ΦML Performance¶

Colab   •   🌐 ΦML   •   📖 Documentation   •   🔗 API   •   ▶ Videos   •   Examples

In [1]:
%%capture
!pip install phiml

Performance and JIT-compilation¶

ΦML provides many conveniences to make your code more concise and expressive. It also includes various performance optimization checks. All of this comes at the cost of added overhead for dimension matching, under-the-hood reshaping, etc. However, this overhead gets eliminated once your code is JIT-compiled with PyTorch, TensorFlow or Jax.

In this notebook, we measure the differences on a rigid body simulation inspired by Billiards. Spheres are moving on a table and can collide with the boundary as well as with other spheres. The below function defines the physics step using the Φ-ML API.

In [2]:
import time
from phiml.math import math, rename_dims, instance, dual, iterate, batch, channel


@math.jit_compile
def physics_step(x, v, dt: float, elasticity=0.8, radius=.03):
    x_next = x + v * dt
    deltas = -math.pairwise_distances(x_next)
    dist = math.vec_length(deltas, eps=1e-4)  # eps to avoid NaN during backprop of sqrt
    rel_v = -math.pairwise_distances(v)
    dist_dir = math.safe_div(deltas, dist)
    projected_v = dist_dir.vector * rel_v.vector
    has_impact = (projected_v < 0) & (dist < 2 * radius)
    impulse = -(1 + elasticity) * .5 * projected_v * dist_dir
    radius_sum = radius + rename_dims(radius, instance, dual)
    impact_time = math.safe_div(dist - radius_sum, projected_v)
    x_inc_contrib = math.sum(math.where(has_impact, math.minimum(impact_time - dt, 0) * impulse, 0), dual)
    x += x_inc_contrib
    v += math.sum(math.where(has_impact, impulse, 0), dual)
    v = math.where((x < 0) | (x > 2), -v, v)
    return x + v * dt, v


for backend in ['torch', 'jax', 'tensorflow']:
    math.use(backend)
    x0 = math.random_uniform(instance(points=1000), channel(vector='x,y'), high=2)
    v0 = math.random_normal(x0.shape)
    (x_trj, v_trj), dt = iterate(physics_step, batch(t=200), x0, v0, f_kwargs={'dt': .05}, measure=time.perf_counter)
    print(f"Φ-ML + {backend} JIT compilation: {dt.t[0]}")
    print(f"Φ-ML + {backend} execution average: {dt.t[2:].mean} +- {dt.t[2:].std}")
/tmp/ipykernel_3363/4125686289.py:9: DeprecationWarning: phiml.math.length is deprecated in favor of phiml.math.norm
  dist = math.vec_length(deltas, eps=1e-4)  # eps to avoid NaN during backprop of sqrt
/tmp/ipykernel_3363/4125686289.py:9: DeprecationWarning: phiml.math.length is deprecated in favor of phiml.math.norm
  dist = math.vec_length(deltas, eps=1e-4)  # eps to avoid NaN during backprop of sqrt
Φ-ML + torch JIT compilation: float64 0.17295930900002077
Φ-ML + torch execution average: 0.03068203723737388 +- 0.0015217601792174532
/tmp/ipykernel_3363/4125686289.py:9: DeprecationWarning: phiml.math.length is deprecated in favor of phiml.math.norm
  dist = math.vec_length(deltas, eps=1e-4)  # eps to avoid NaN during backprop of sqrt
Φ-ML + jax JIT compilation: float64 0.1507311049999771
Φ-ML + jax execution average: 0.010426139373737327 +- 0.004407840839214921
WARNING: All log messages before absl::InitializeLog() is called are written to STDERR
I0000 00:00:1778411760.504172    3363 port.cc:153] oneDNN custom operations are on.
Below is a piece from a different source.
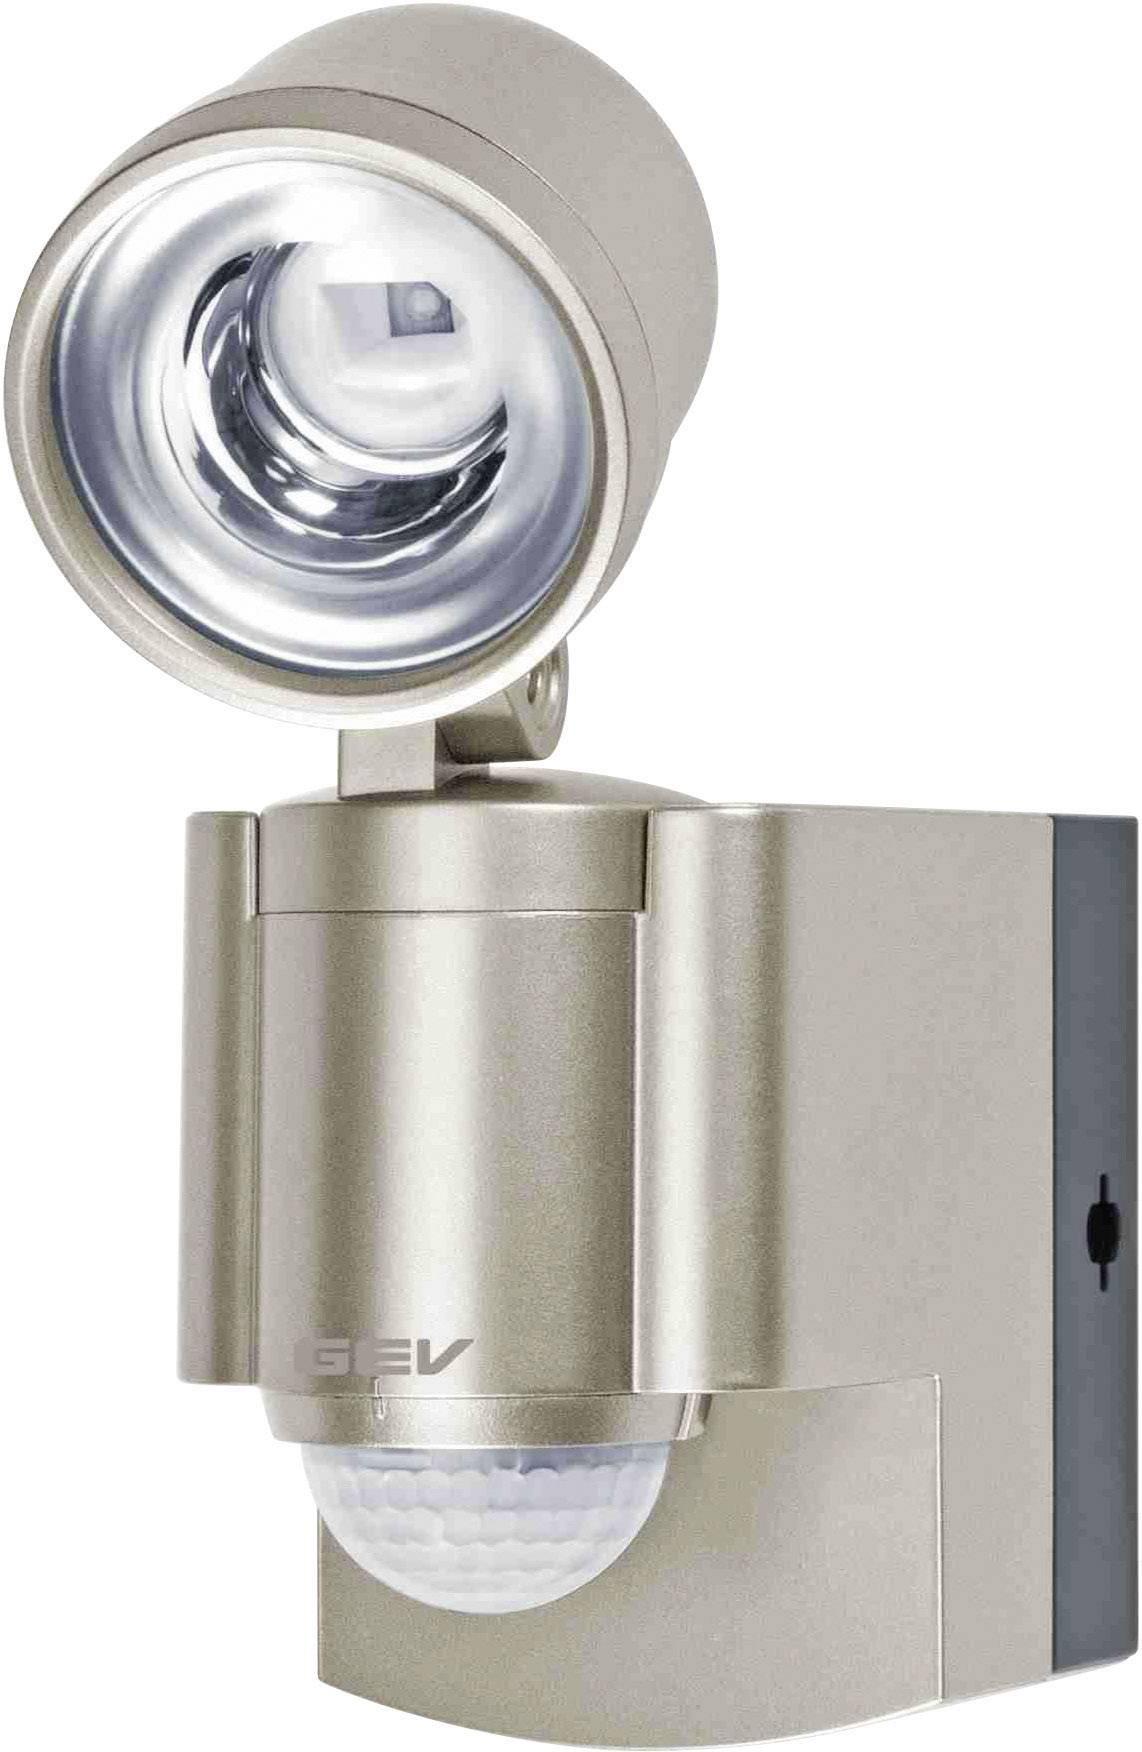 LEDvonkajšieosvetlenie s PIR senzorom GEV LLL 14800 014800, 3 W, neutrálne biela, champagne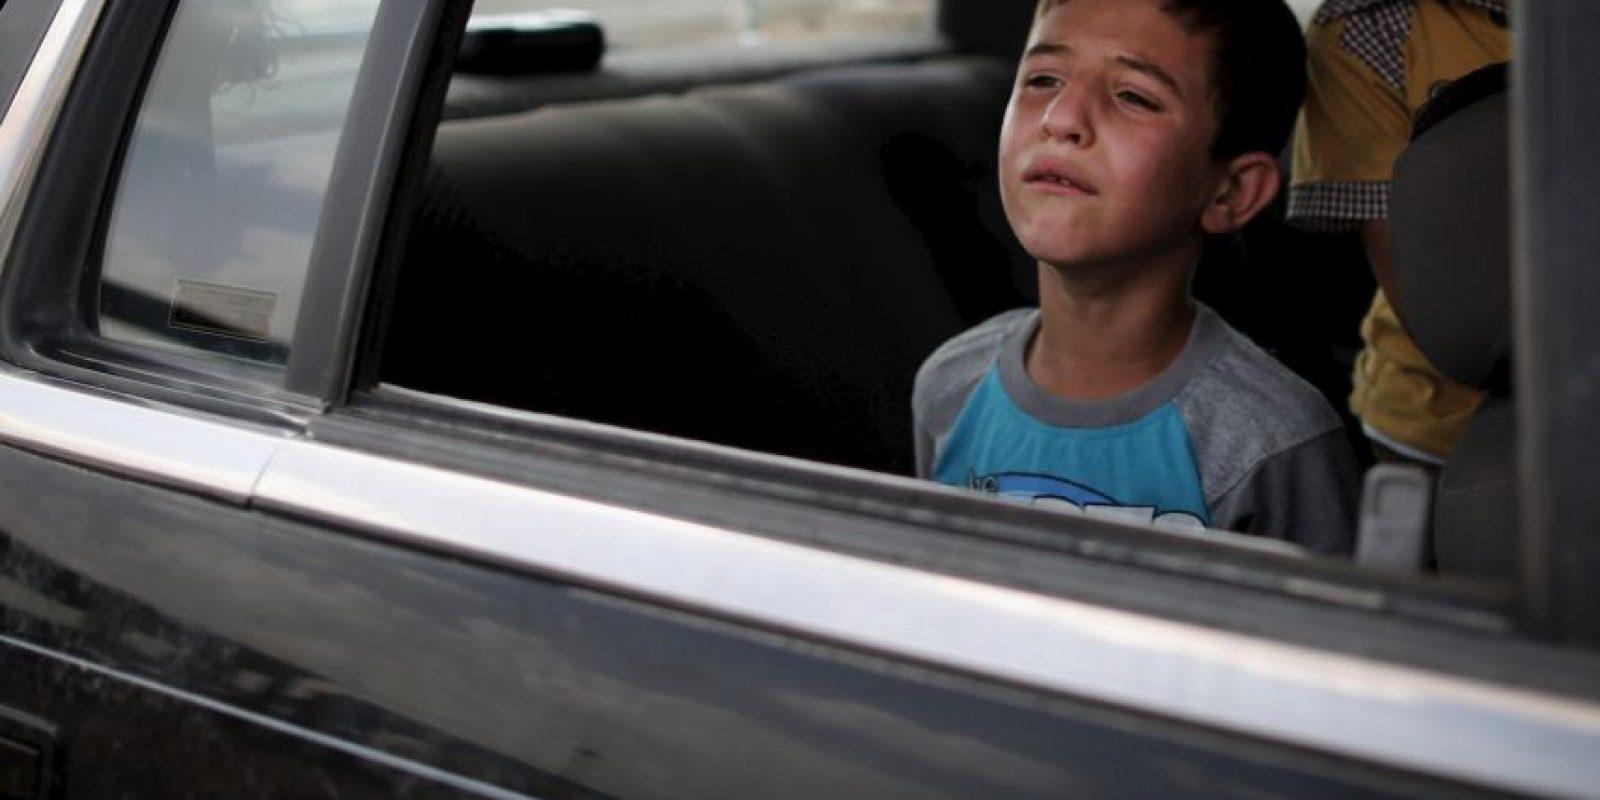 El maltrato causa estrés y se asocia a trastornos del desarrollo cerebral temprano. Foto:Getty Images

You may see slightly different numerical results due to floating-point round-off errors from different computation orders. To turn them off, set the environment variable `TF_ENABLE_ONEDNN_OPTS=0`.
WARNING: All log messages before absl::InitializeLog() is called are written to STDERR
I0000 00:00:1778411761.758507    3363 port.cc:153] oneDNN custom operations are on. You may see slightly different numerical results due to floating-point round-off errors from different computation orders. To turn them off, set the environment variable `TF_ENABLE_ONEDNN_OPTS=0`.
I0000 00:00:1778411761.758830    3363 cudart_stub.cc:31] Could not find cuda drivers on your machine, GPU will not be used.
E0000 00:00:1778411762.319543    3363 cuda_platform.cc:52] failed call to cuInit: INTERNAL: CUDA error: Failed call to cuInit: UNKNOWN ERROR (303)
Φ-ML + tensorflow JIT compilation: float64 14.91661241600002
Φ-ML + tensorflow execution average: 0.07933342476262613 +- 0.0007065608764509045

The performance numbers printed above were measured on GitHub Actions and may fluctuate a lot, depending on the allotted CPU processing power. We provide reference GPU numbers below.

Native Implementations¶

Next, let's implement the same simulation natively, without using PhiML to compare the performance.

In [3]:
import time
import jax
from jax import numpy as np


def safe_div(x, y):
    return np.where(y == 0, 0, x / y)


@jax.jit
def physics_step(x, v, dt: float, elasticity=0.8, radius=.03):
    x_next = x + v * dt
    deltas = x_next[..., None, :] - x_next[..., None, :, :]
    dist = np.sqrt(np.maximum(np.sum(deltas ** 2, -1), 1e-4))  # eps=1e-4 to avoid NaN during backprop of sqrt
    rel_v = v[..., None, :] - v[..., None, :, :]
    dist_dir = safe_div(deltas, dist[..., None])
    projected_v = np.sum(dist_dir * rel_v, -1)
    has_impact = (projected_v < 0) & (dist < 2 * radius)
    impulse = -(1 + elasticity) * .5 * projected_v[..., None] * dist_dir
    radius_sum = radius + radius  # this only supports equal radii
    impact_time = safe_div(dist - radius_sum, projected_v)
    x_inc_contrib = np.sum(np.where(has_impact[..., None], np.minimum(impact_time[..., None] - dt, 0) * impulse, 0), -2)
    x += x_inc_contrib
    v += np.sum(np.where(has_impact[..., None], impulse, 0), -2)
    v = np.where((x < 0) | (x > 2), -v, v)
    return x + v * dt, v


x0 = jax.random.uniform(jax.random.PRNGKey(0), shape=(1000, 2)) * 2
v0 = jax.random.normal(jax.random.PRNGKey(1), shape=x0.shape)
x_trj = [x0]
v_trj = [v0]
dt_jax = []
t0 = time.perf_counter()
for i in range(200):
    x, v = physics_step(x_trj[-1], v_trj[-1], dt=.05)
    x_trj.append(x)
    v_trj.append(v)
    t = time.perf_counter()
    dt_jax.append(t - t0)
    t0 = t
x_trj = np.stack(x_trj)
v_trj = np.stack(v_trj)
print(f"jax JIT compilation: {dt_jax[0]}")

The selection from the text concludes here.